SEC data consists of chromatograms (detector response vs. elution time). Common detectors include RI (concentration), UV (chromophores), and light scattering (absolute MW). This package processes these signals to extract molecular weight information.
Workflow Overview
The typical SEC analysis workflow follows these steps:
┌─────────────────────────────────────────────────────────────────────────┐
│ SEC Analysis Workflow │
└─────────────────────────────────────────────────────────────────────────┘
┌──────────────┐ ┌──────────────┐ ┌──────────────┐
│ Raw Data │────▶│ Preprocess │────▶│ Calibrate │
│ (CSV/Export) │ │ Signals │ │ MW Scale │
└──────────────┘ └──────────────┘ └──────────────┘
│ │ │
│ │ │
▼ ▼ ▼
• Detector signals • Baseline correct • Apply standards
• Elution times • Align detectors • Or use MALS for
• Sample metadata • Convert units absolute MW
│
▼
┌──────────────────────────────────────┐
│ Calculate Results │
│ • MW averages (Mn, Mw, Mz) │
│ • Dispersity │
│ • MW distribution │
│ • Aggregate/fragment % │
└──────────────────────────────────────┘
In measure.sec, each box becomes one or more recipe steps. You chain these steps together into a reproducible analysis pipeline.
Basic Workflow Overview
A typical SEC analysis starts with raw detector signals, converts them to the measure format, applies baseline correction, processes detector signals with appropriate normalization factors, then either applies calibration from standards (conventional) or uses light scattering for absolute molecular weight (MALS).
flowchart TD
A[Raw Chromatogram<br>RI, UV, MALS signals] --> B[step_measure_input_long<br>Convert to measure format]

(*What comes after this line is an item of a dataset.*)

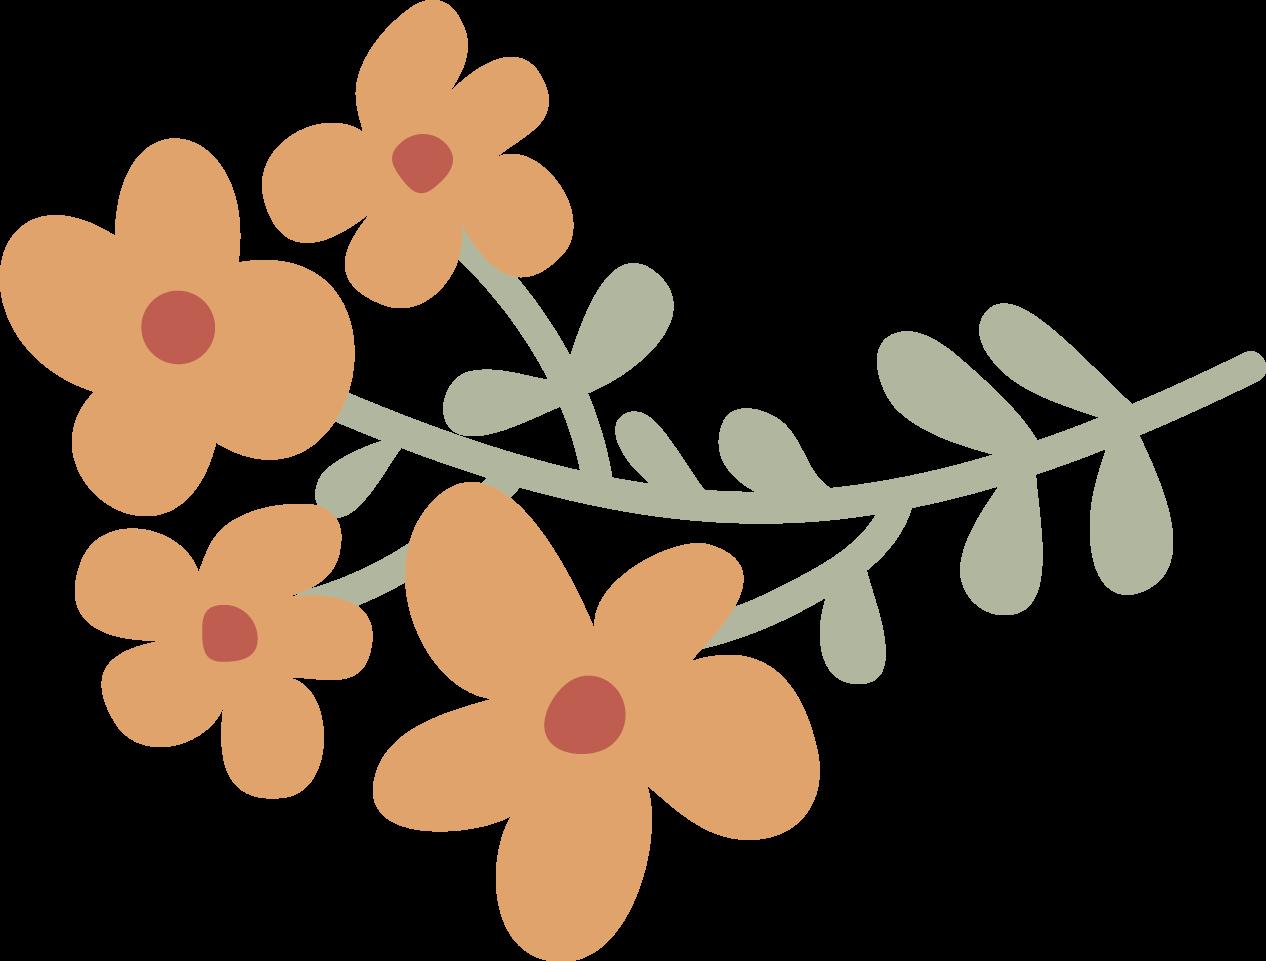 Descargar flores sin fondo Softonic - Imagenes De Flores Sin Fondo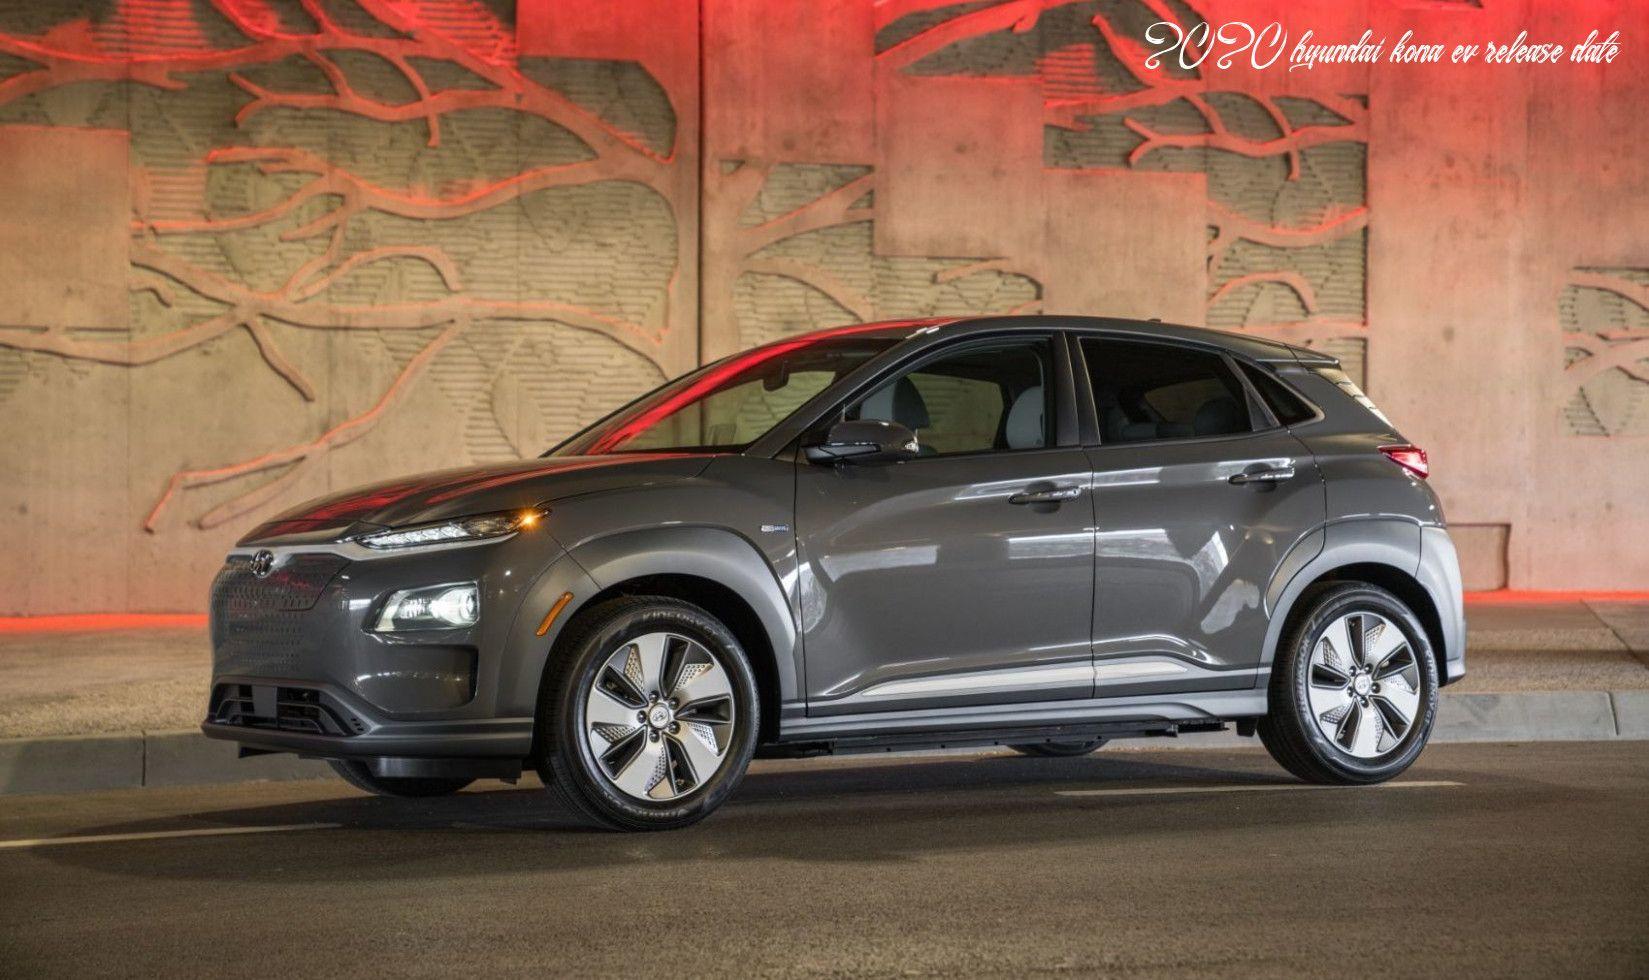 2020 Hyundai Kona Ev Release Date In 2020 Hyundai Hyundai Cars Electric Cars

B --> C[step_sec_baseline<br>Baseline correction]
C --> D[step_sec_ri / step_sec_uv<br>Detector processing with dn/dc or ε]
D --> E{Calibration<br>method?}
E -->|"Standards available<br>(same polymer type)"| F[step_sec_conventional_cal<br>Polynomial fit to standards]
E -->|"MALS detector<br>(absolute MW needed)"| G[step_sec_mals<br>Angular extrapolation<br>Zimm/Debye/Berry]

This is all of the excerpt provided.